Task ::
From the line with "Rain Wallpaper Best" to the line with "Amazing cutaway Corvette", output every line below exactly, both ends included. Skip the pictures.

Raw data ::

⟨

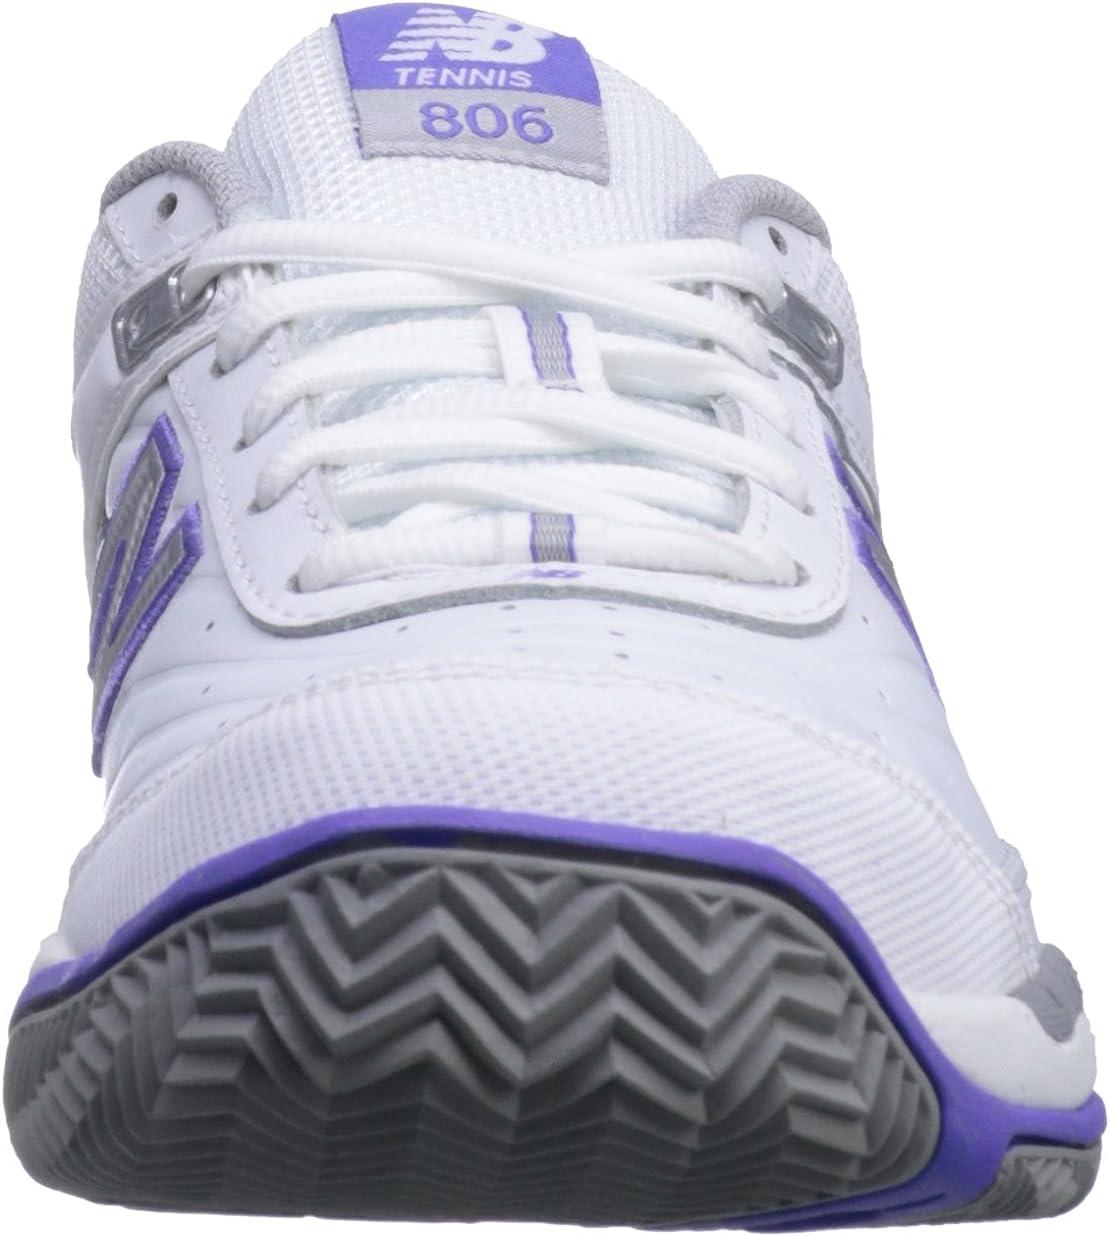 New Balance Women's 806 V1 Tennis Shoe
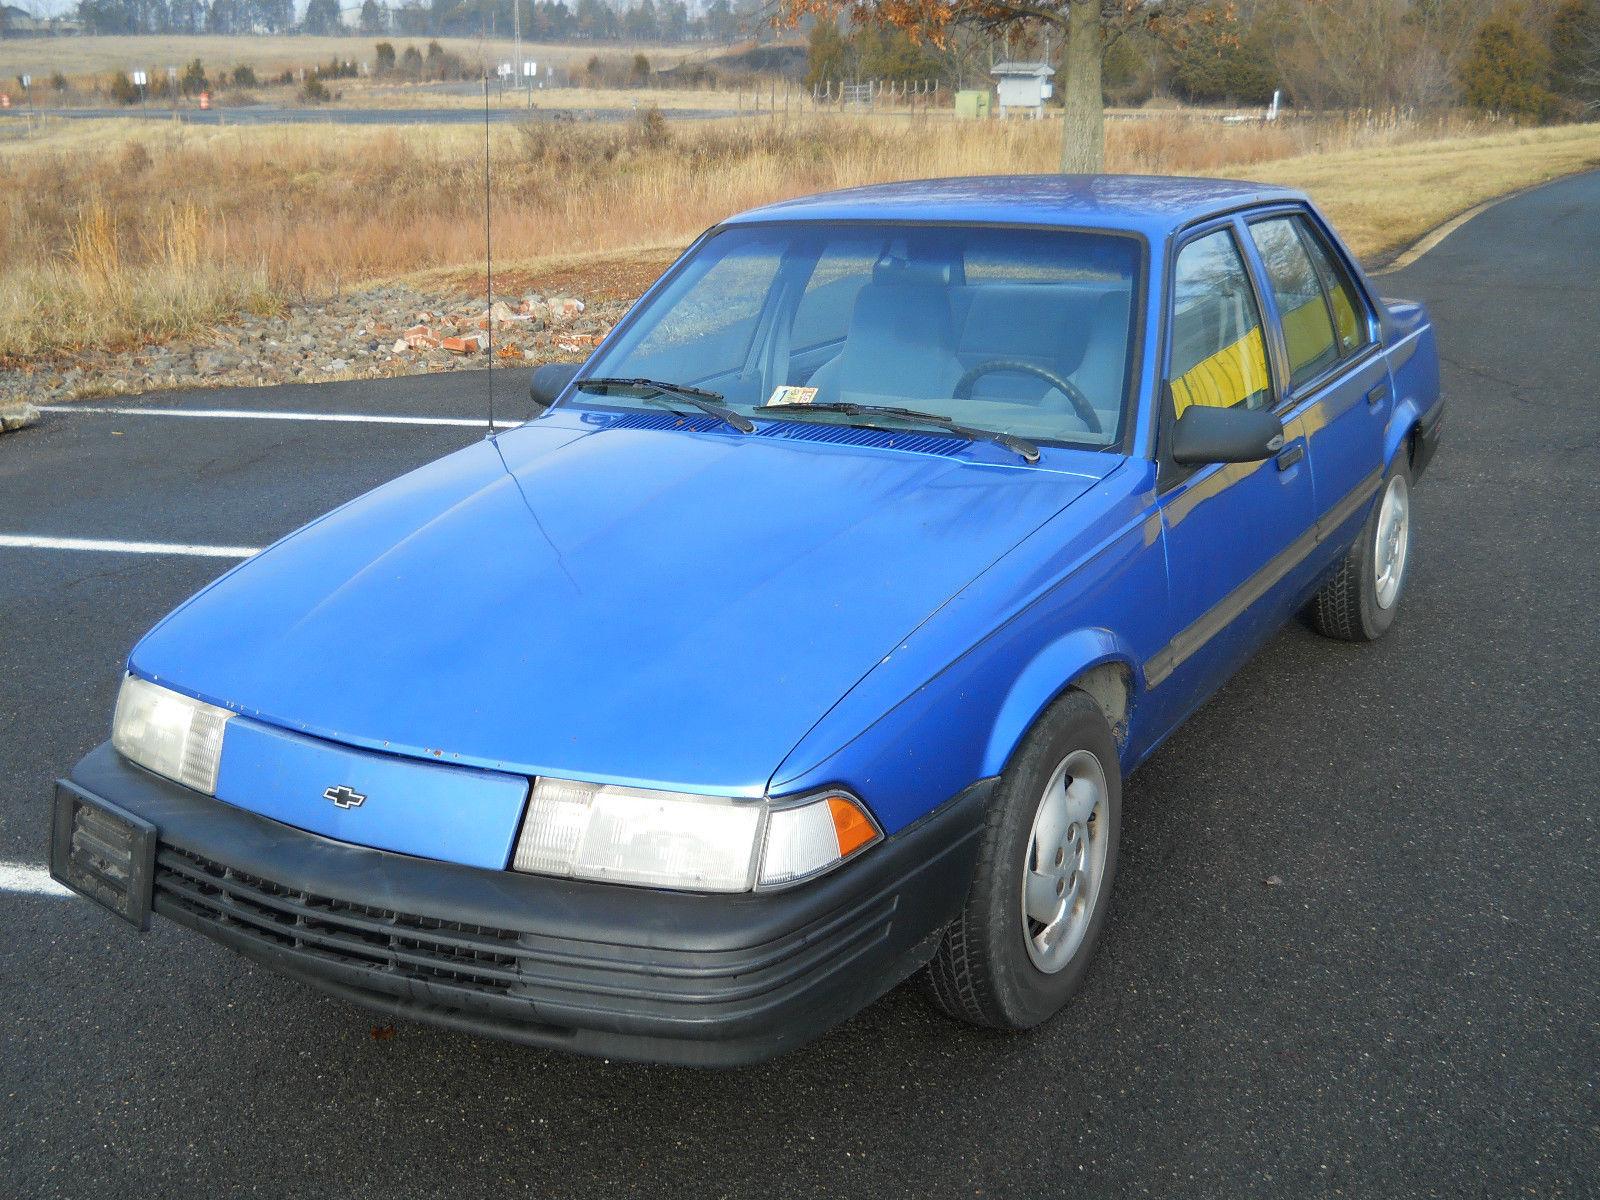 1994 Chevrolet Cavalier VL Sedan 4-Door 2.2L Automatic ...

⟩
⟨

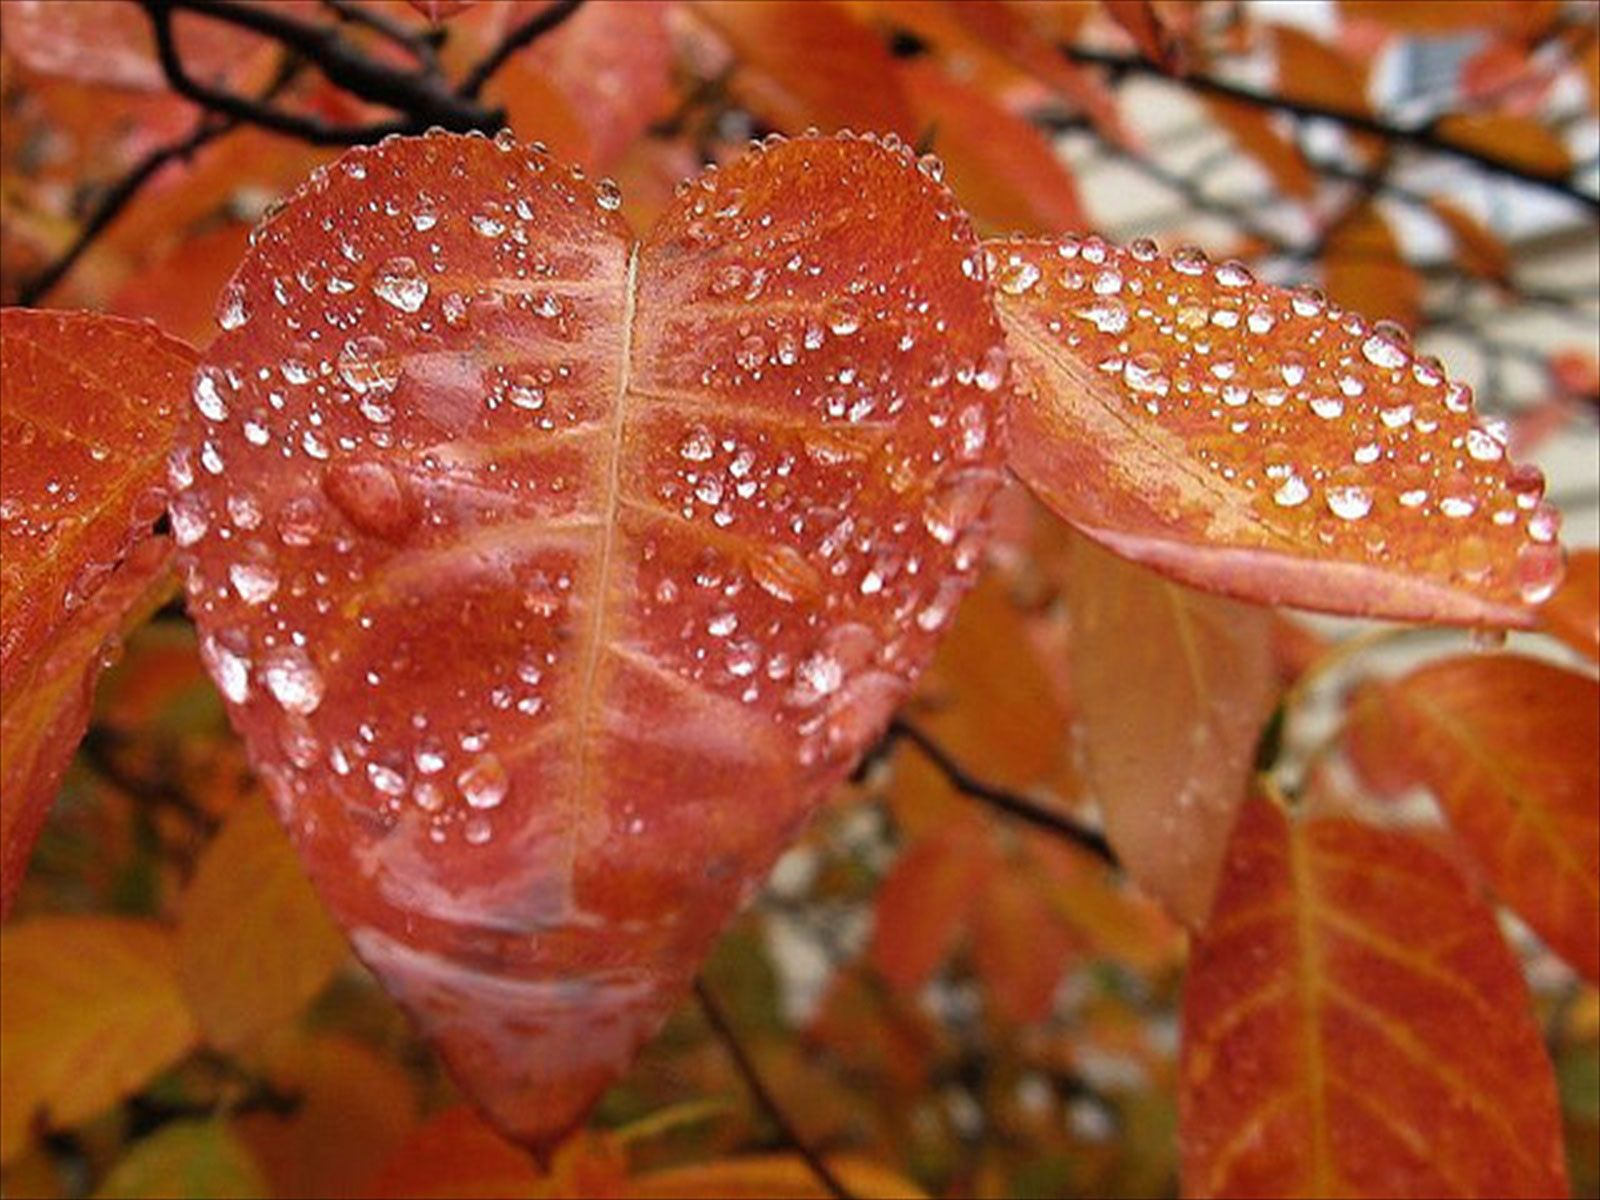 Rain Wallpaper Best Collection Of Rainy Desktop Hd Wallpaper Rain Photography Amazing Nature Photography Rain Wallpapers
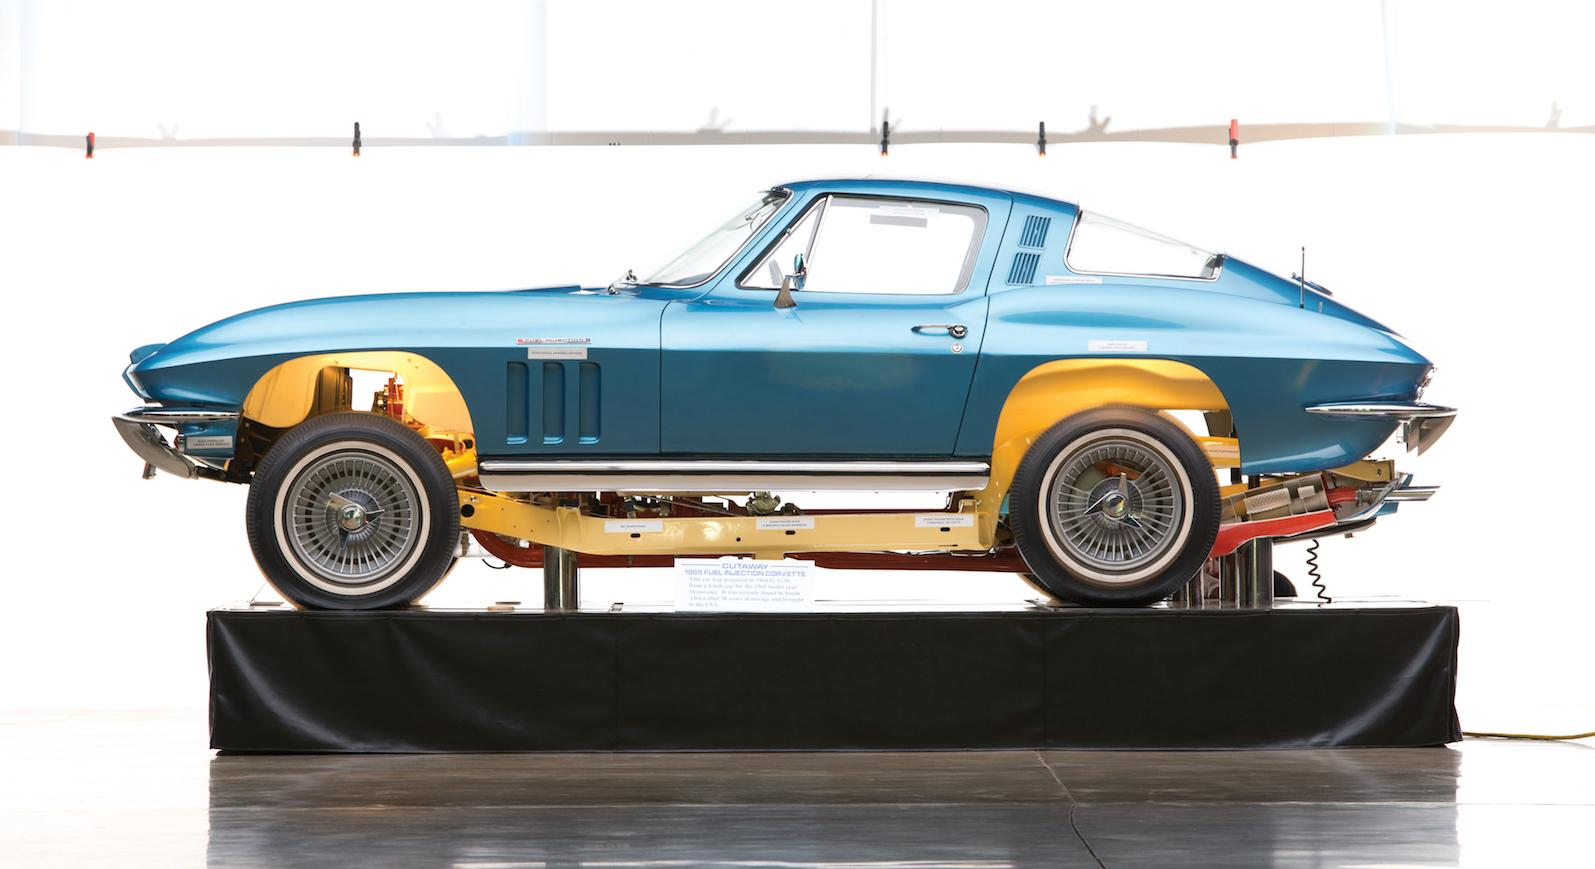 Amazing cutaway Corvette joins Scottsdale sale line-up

⟩

Response for this exercise ::
 Rain Wallpaper Best Collection Of Rainy Desktop Hd Wallpaper Rain Photography Amazing Nature Photography Rain Wallpapers
 Amazing cutaway Corvette joins Scottsdale sale line-up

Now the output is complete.